Gene Expression Technology Set To Semi-automation

Kyoto University

Kyoto, Japan — The Human Genome Project generated the first sequence of the human genome, revealing a kind of blueprint of human biology. Two decades later, the field of gene regulatory networks describes a complex system where thousands of genes regulate each other to create appropriate gene expression dynamics.

However, more work is needed to fully understand these networks and determine their precise nature. Current approaches either estimate gene regulation indirectly or utilize accurate and direct but time-consuming, repetitive methods.

A research group led by Kyoto University has now developed a highly accurate method to semi-automatically estimate gene regulatory networks in multicellular organisms. The method involves measuring time-series gene expression and applying the team’s proprietary RENGE computational model.

“RENGE may help identify the key factors for cell differentiation and potentially control the fate of specific cells,” says corresponding author Masato Ishikawa of KyotoU’s Institute for Life and Medical Science.

Researchers can determine regulatory gene expression using the relatively accurate gene knockout method, where if a gene A is eliminated, a gene B — that A had regulated — is exposed.

The latest single-cell CRISPR technology, which can measure expression changes from large-scale individual knockouts, comes with a caveat: the distinction between directly and indirectly regulated genes is unclear.

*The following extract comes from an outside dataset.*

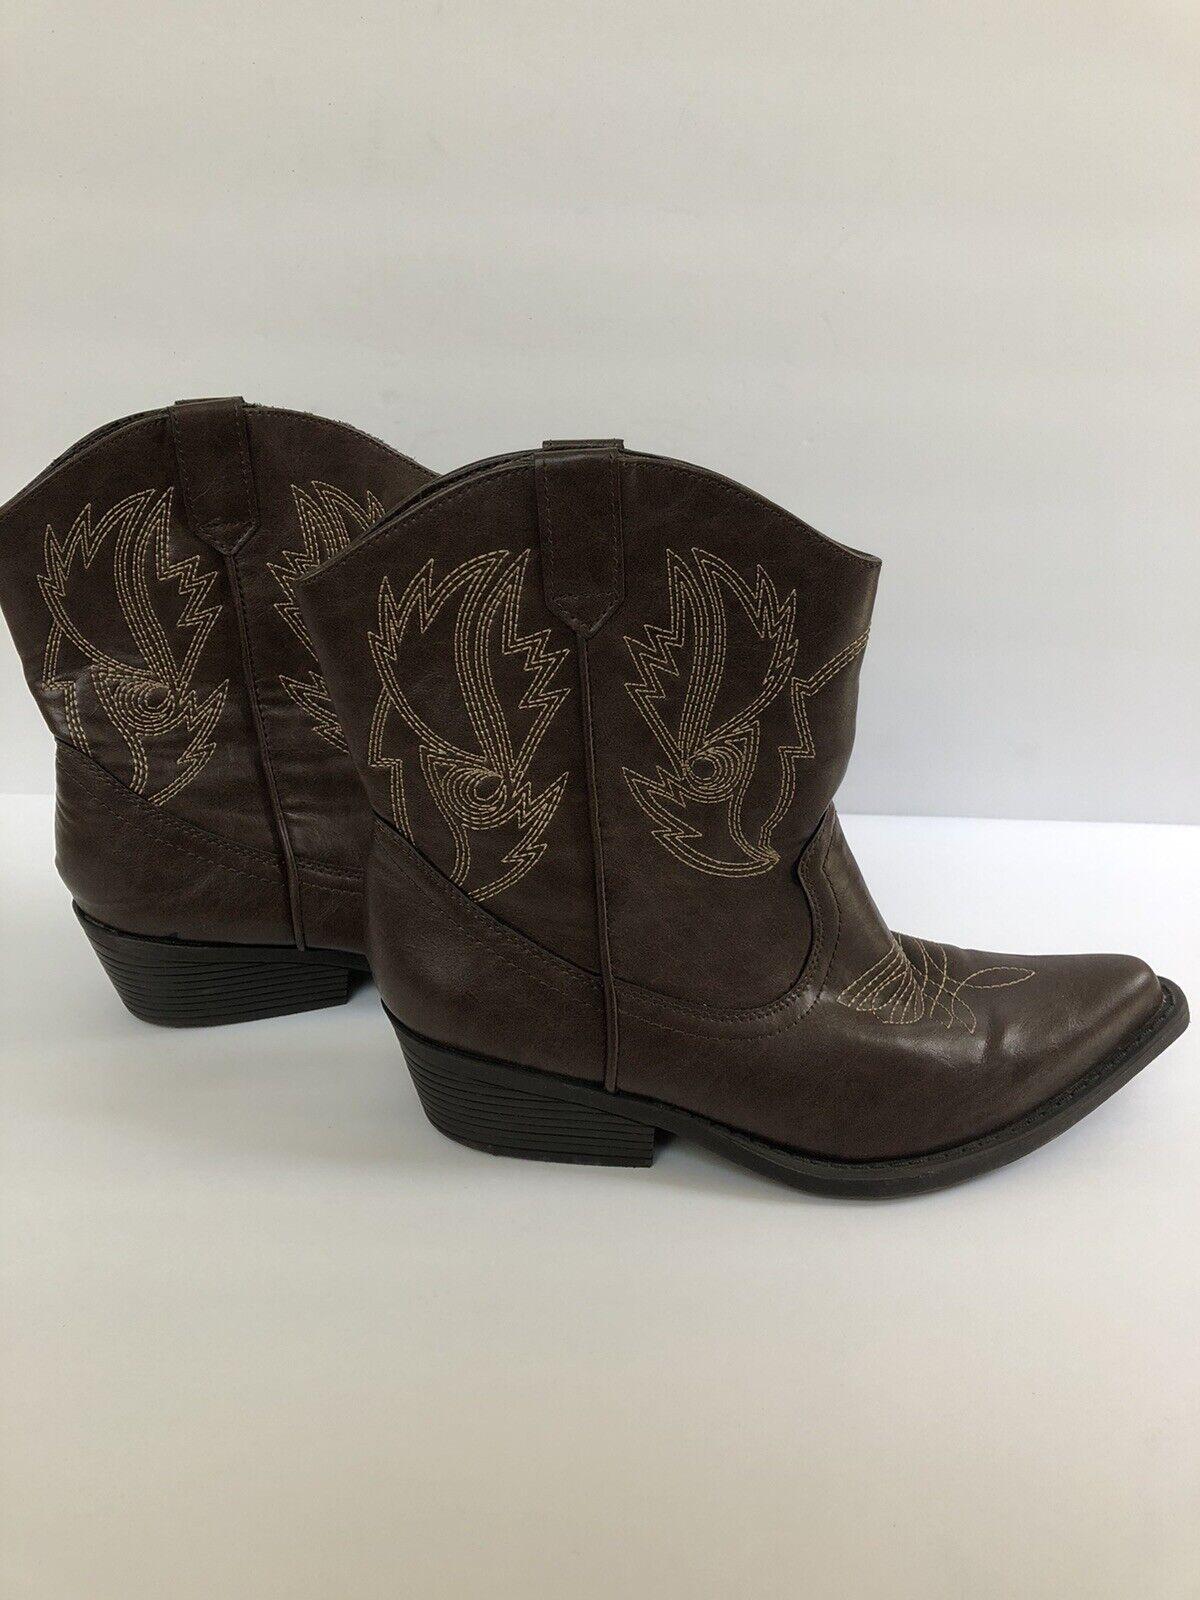 Women's So Calf-High Cowboy Western Boots Brown Sz 7, Concert, Country, Festival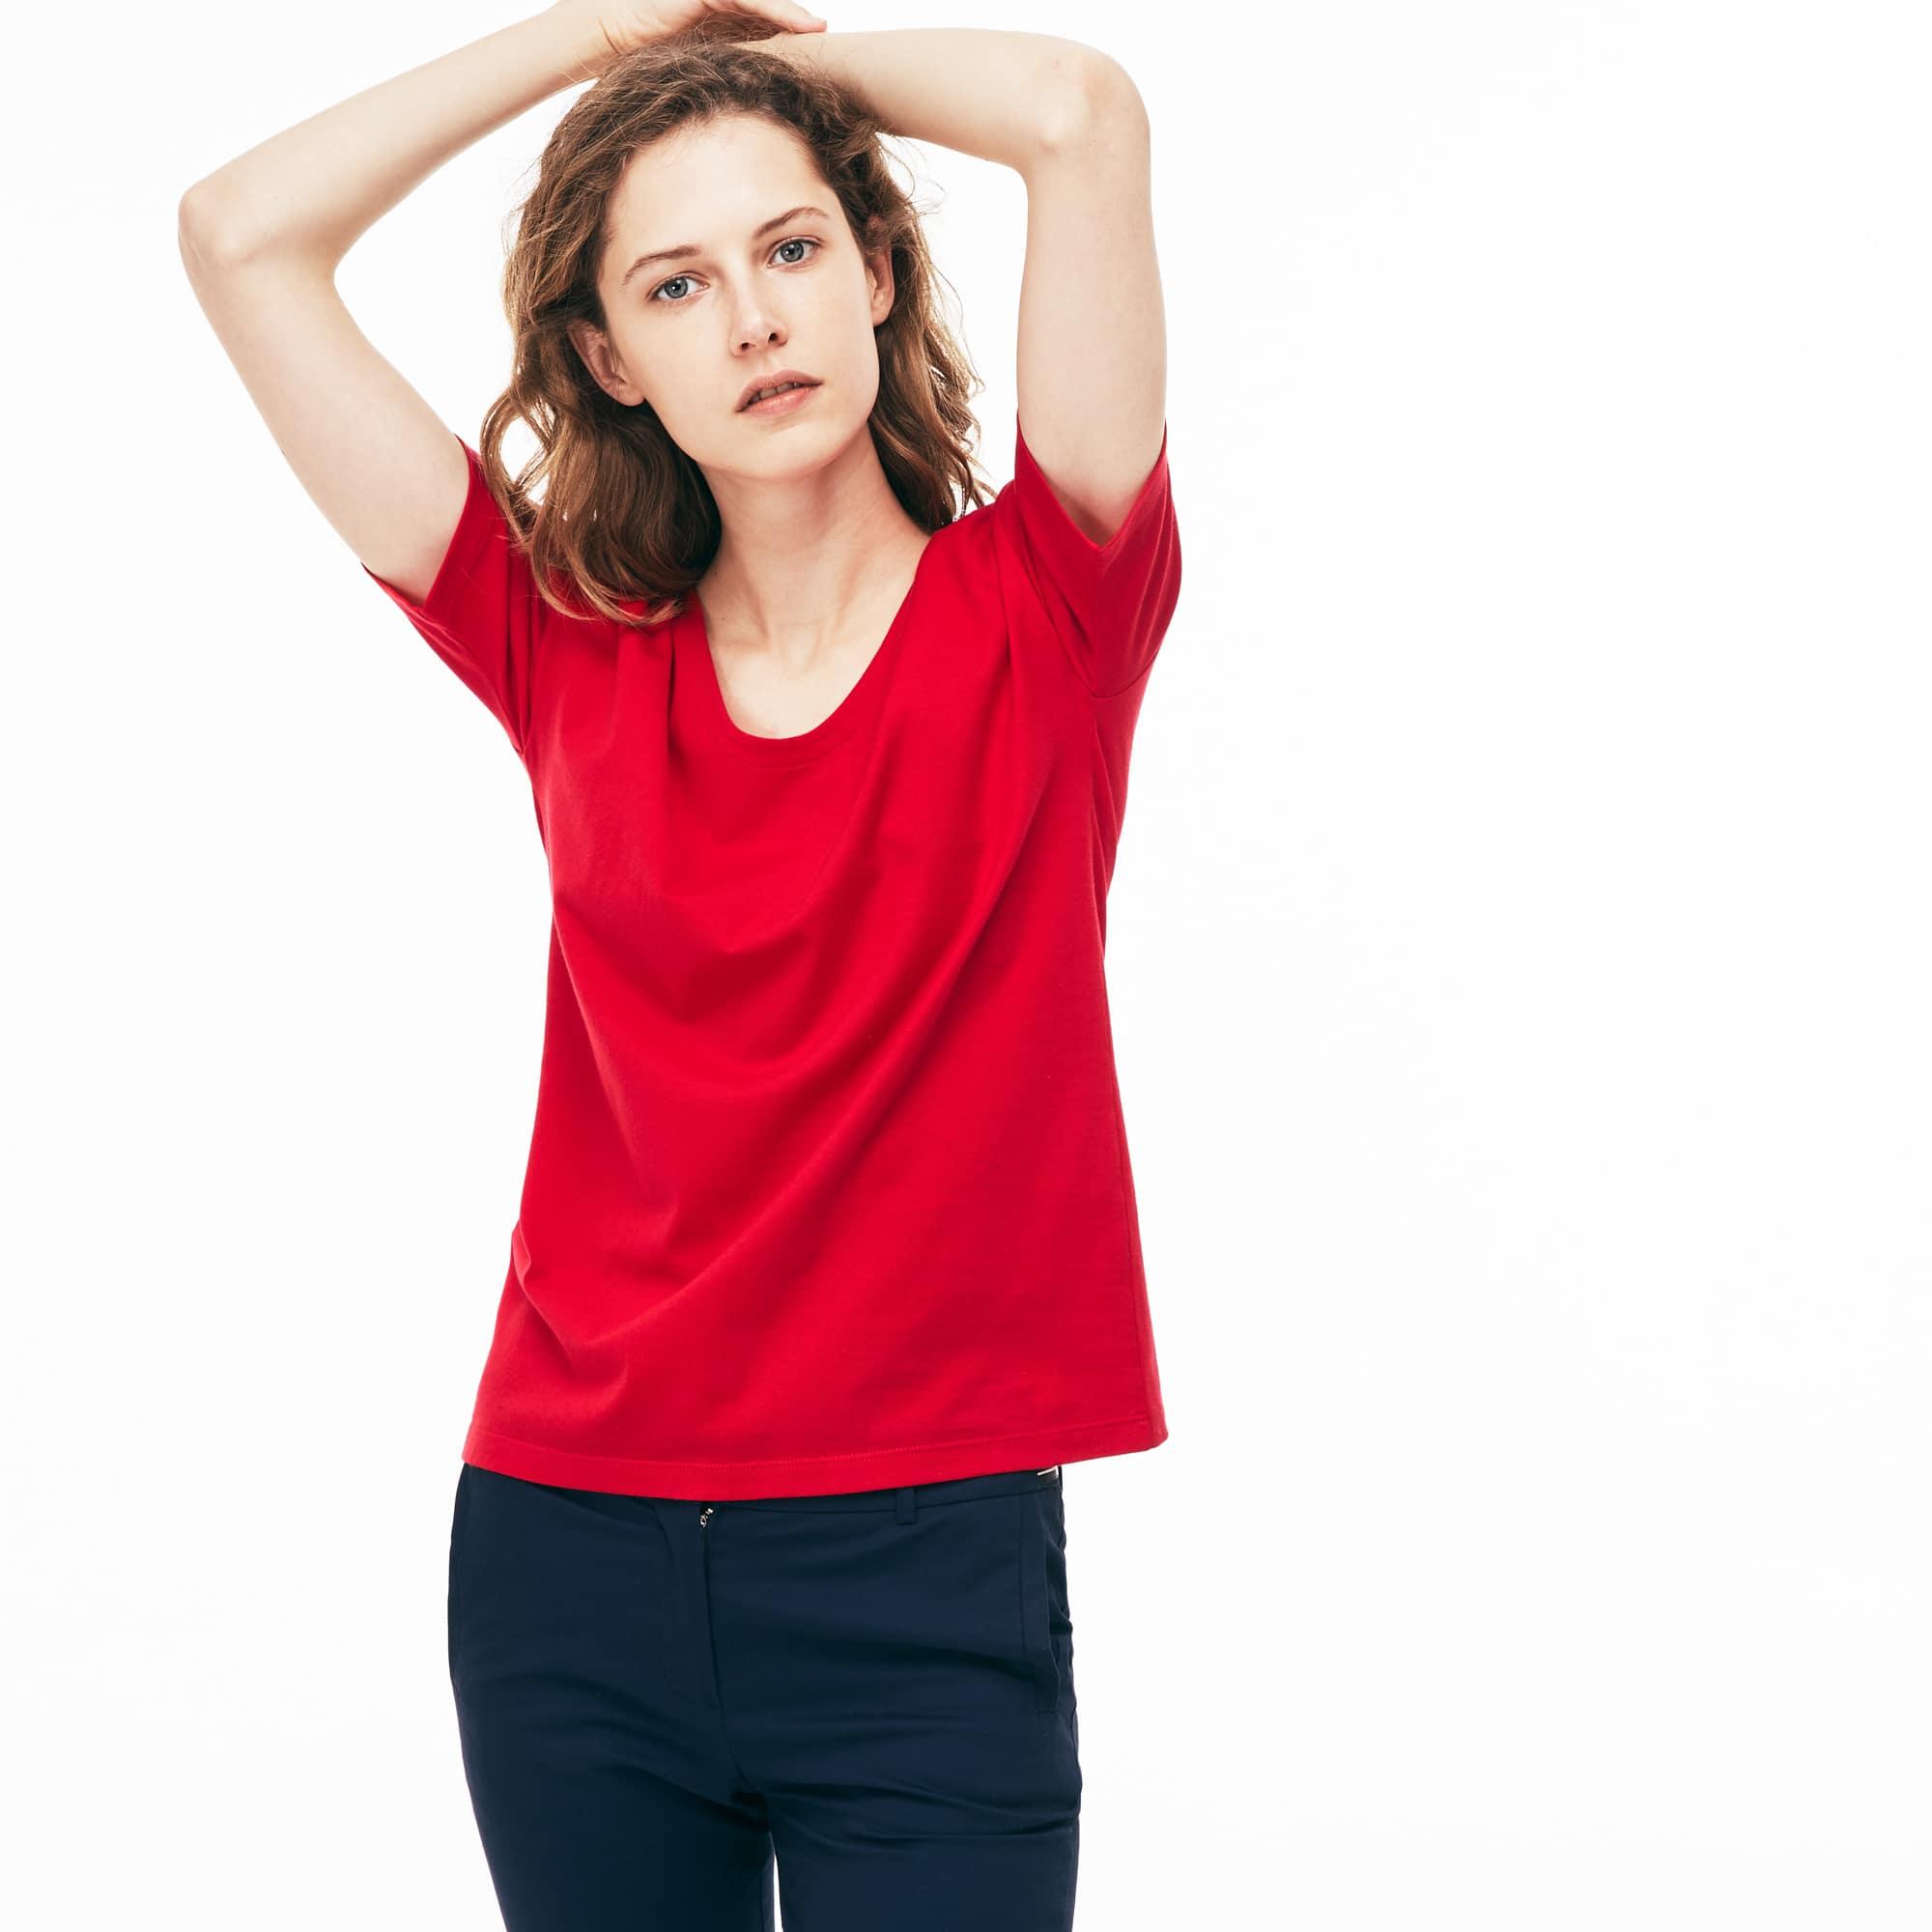 T-shirt con collo svasato in jersey di cotone morbido tinta unita

Knocking out one gene inevitably affects the expression of genes downwind in the network.

Ishikawa and his colleagues addressed the issue by measuring the expression levels in a time series and adapting their mathematical model to estimate gene regulatory networks.

“When we verified RENGE’s accuracy, we obtained results that outperformed existing methods in both simulation data and measured expression data of human iPS cells,” adds Ishikawa.

Using RENGE to maximize information obtained from gene knockout, the team could identify a gene regulatory network containing 103 genes expressing human pluripotency, which was highly consistent with findings accumulated over decades of research in molecular biology.

“However, the beauty is that we could obtain the same results from only one RENGE experiment. Furthermore, we found that transcription factors that regulate the same target genes in this regulatory network tend to work as protein complexes, among which one may be a key factor for pluripotency,” elaborates Ishikawa.

The inherent versatility of this method allows for estimating regulatory networks in various other life systems beyond iPS cells.

“RENGE may inspire new technologies such as producing artificially manipulated cells with specific functions,” remarks Ishikawa.